In any event, as already indicated, the allegation that JJJ was sexually assaulted constitutes in its own right a significant factor in favour of making (both of) the pseudonym orders sought.[23]
[23]ABC v DI [2007] VSC 480 [44]; PPP v QQQ [2011] VSC 186 [33].
Finally, I would mention the limited effect of the orders I have made. They may have little or no additional impact at all.

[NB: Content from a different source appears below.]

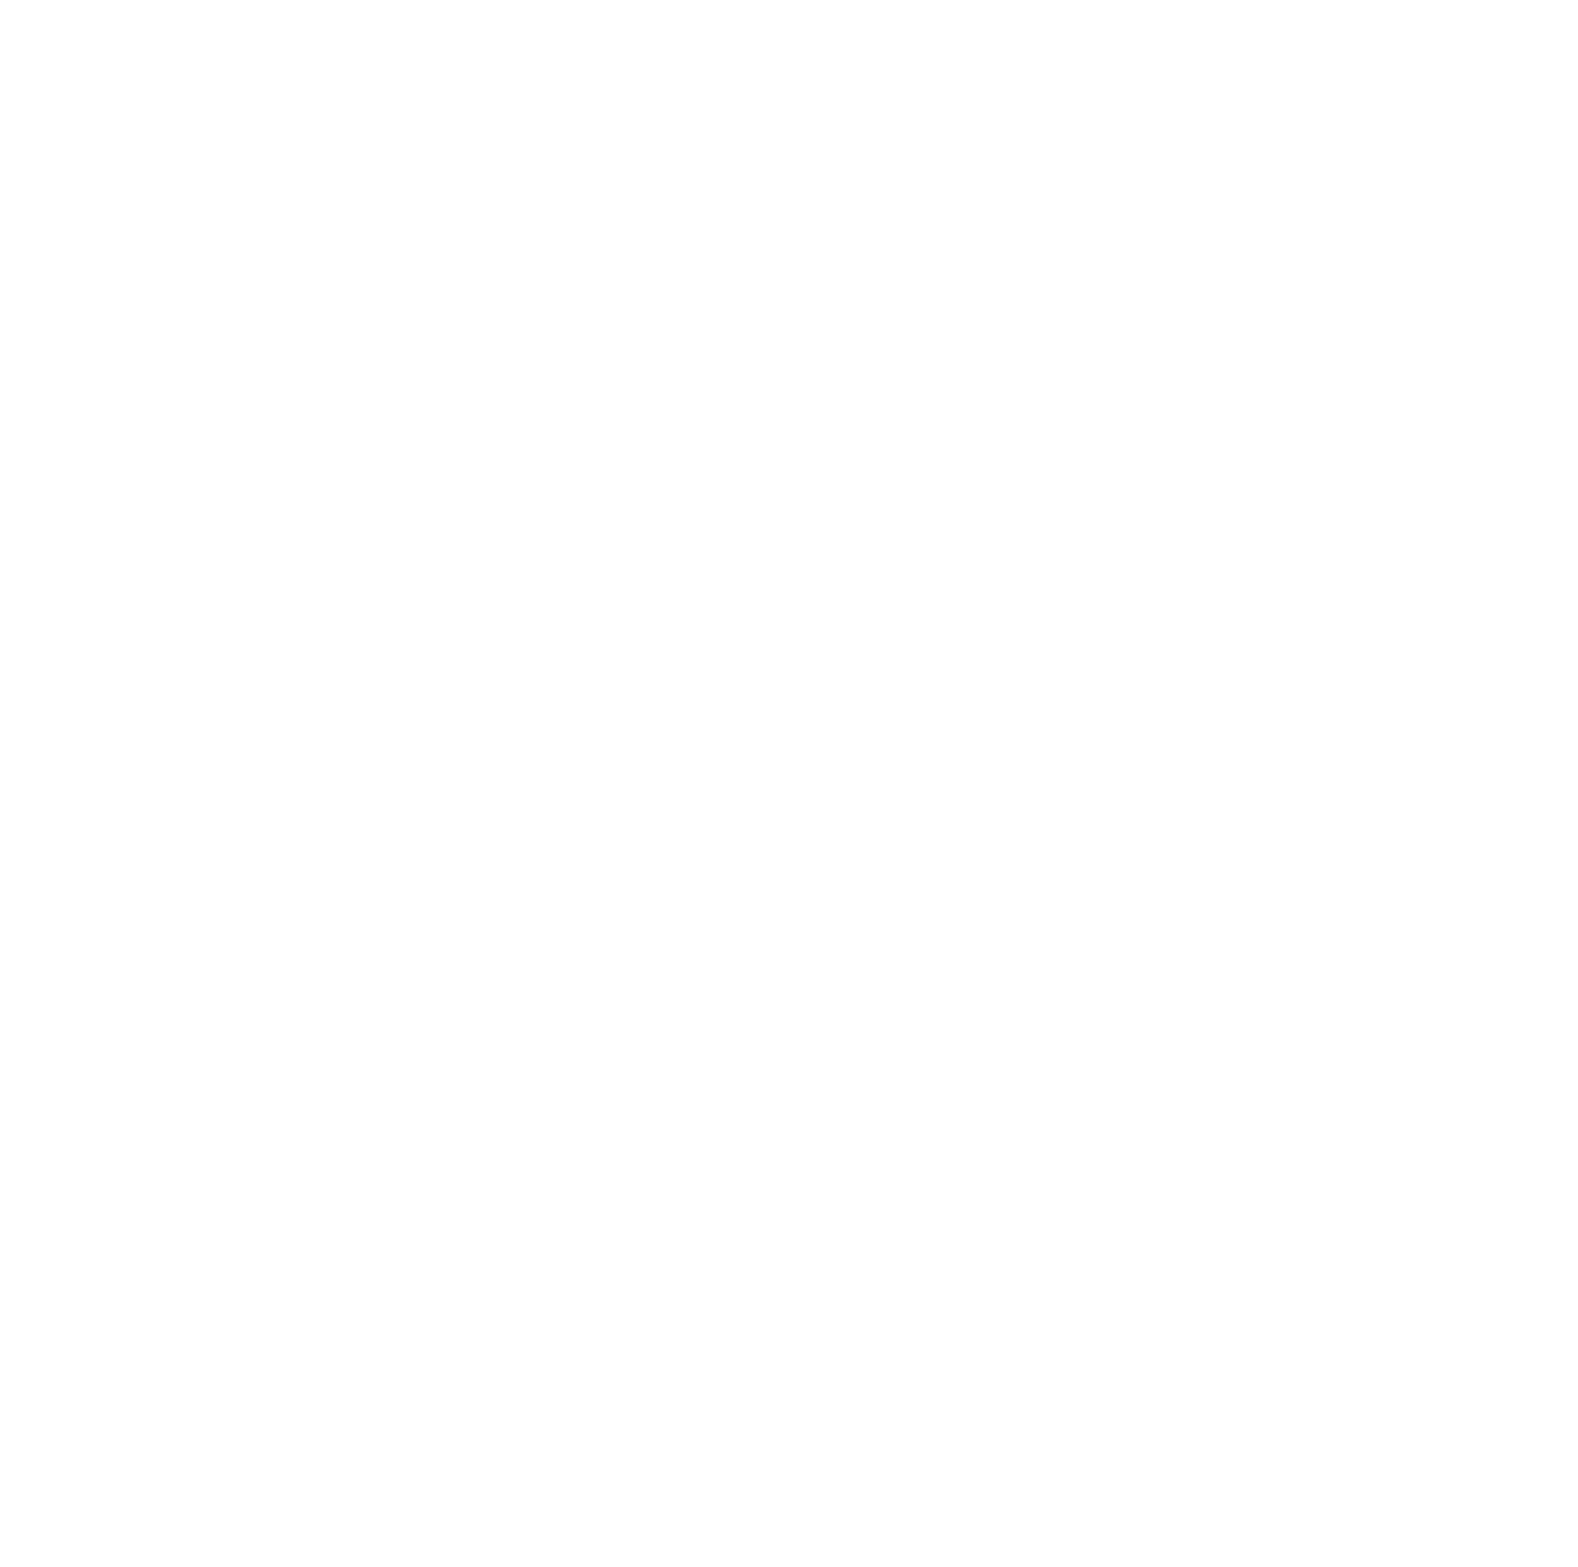 Metropolitan Bank (Metrobank) logo for dark backgrounds (transparent PNG)

To the extent that s 4 of the Judicial Proceedings Reports Act 1958 was applicable to the criminal proceedings in the County Court, it may still operate, in effect, to preclude the publication of any information that would tend to identify JJJ in connection with the alleged sexual assaults. Further, the effects of the orders I have made are not irreversible. The orders contain express provision for applications to be made for orders to remove ongoing protection in relation to the identities of the children.
For these reasons, I was satisfied that the orders made were necessary in order not to prejudice the administration of justice and, indeed, necessary in the interests of justice.